■ EXERCISE DESCRIPTION: Would you restate each line of the data below word for word, without its pictures?

RECORDED INFORMATION: Begin

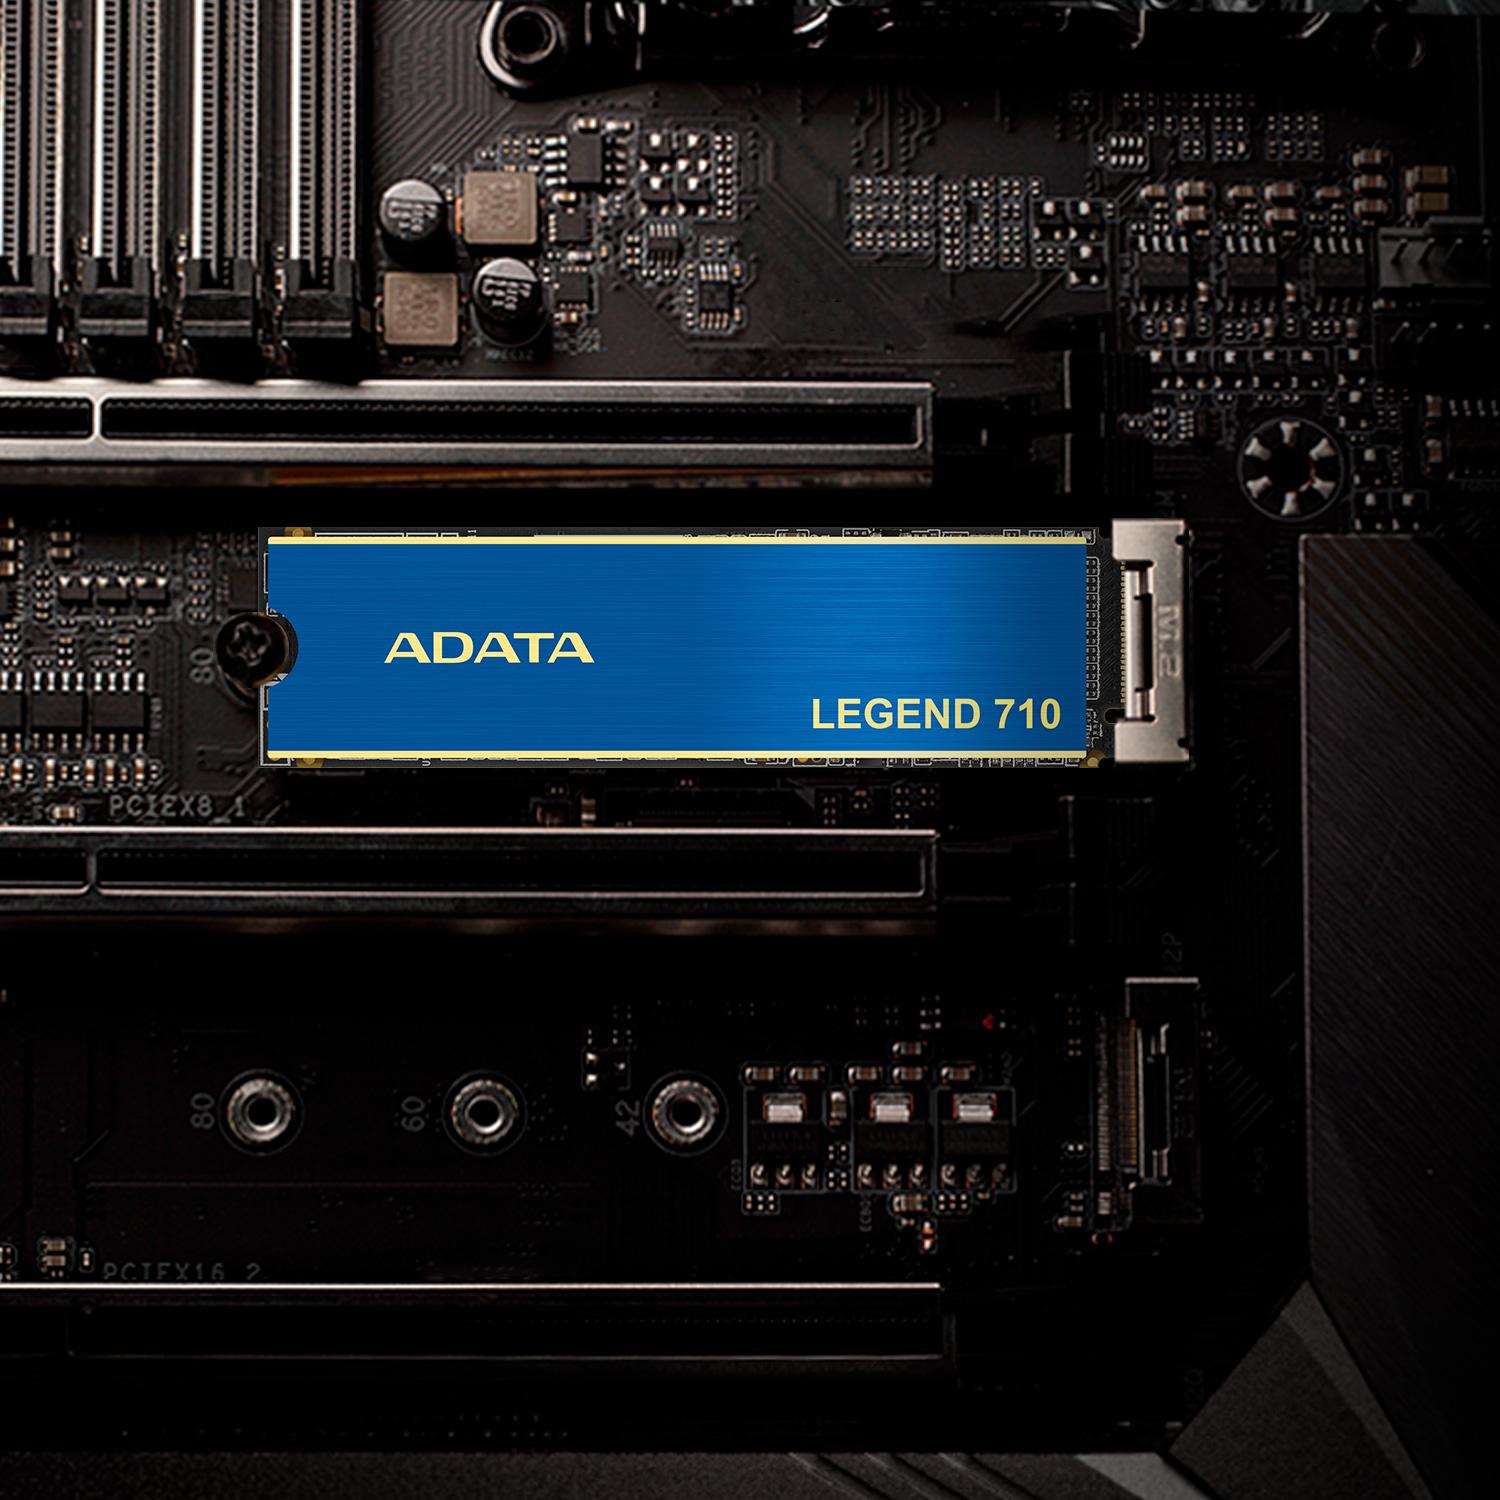 Adata LEGEND 710 PCIe Gen3 x4 M.2 2280 固態硬碟
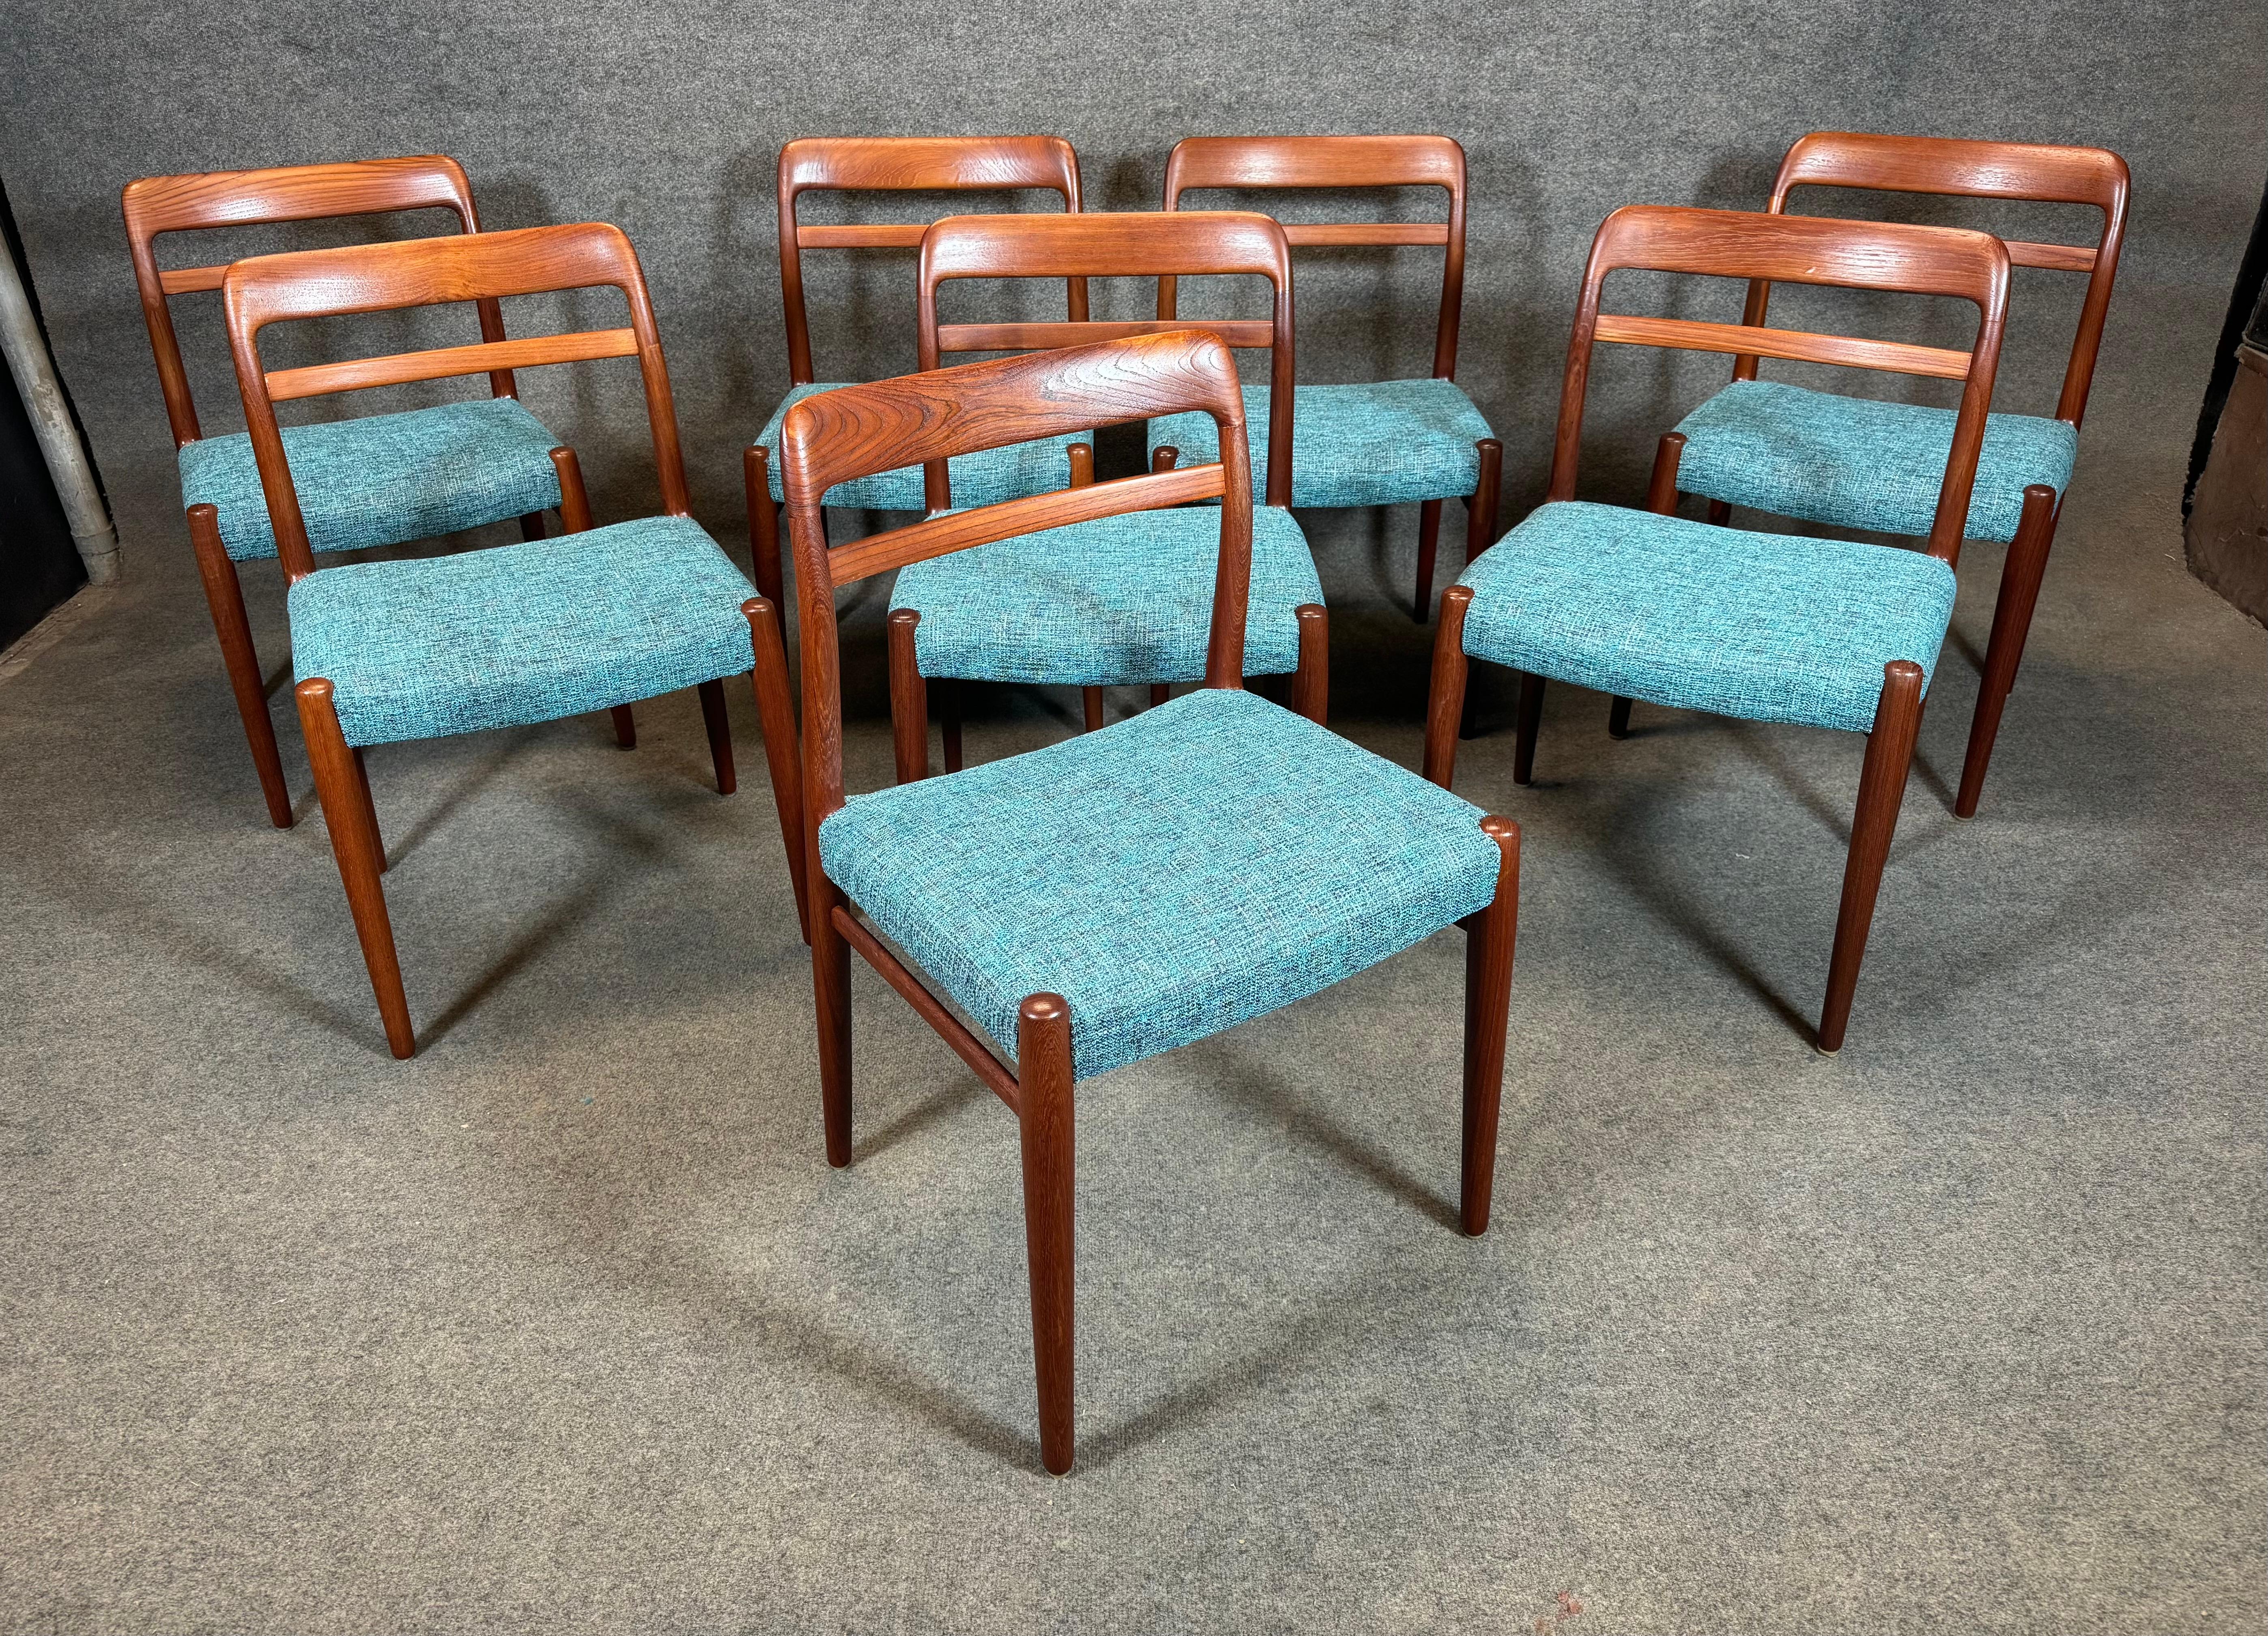 Voici un magnifique ensemble de 8 chaises de salle à manger vintage en teck moderne scandinave, modèle 145, conçu par Alf Aarseth et fabriqué par Gustav Bahus en Norvège dans les années 1960.
Cet ensemble exclusif de chaises confortables, récemment

RECORDED INFORMATION: End

■ RESPONSE AREA:
 Adata LEGEND 710 PCIe Gen3 x4 M.2 2280 固態硬碟
 Voici un magnifique ensemble de 8 chaises de salle à manger vintage en teck moderne scandinave, modèle 145, conçu par Alf Aarseth et fabriqué par Gustav Bahus en Norvège dans les années 1960.
Cet ensemble exclusif de chaises confortables, récemment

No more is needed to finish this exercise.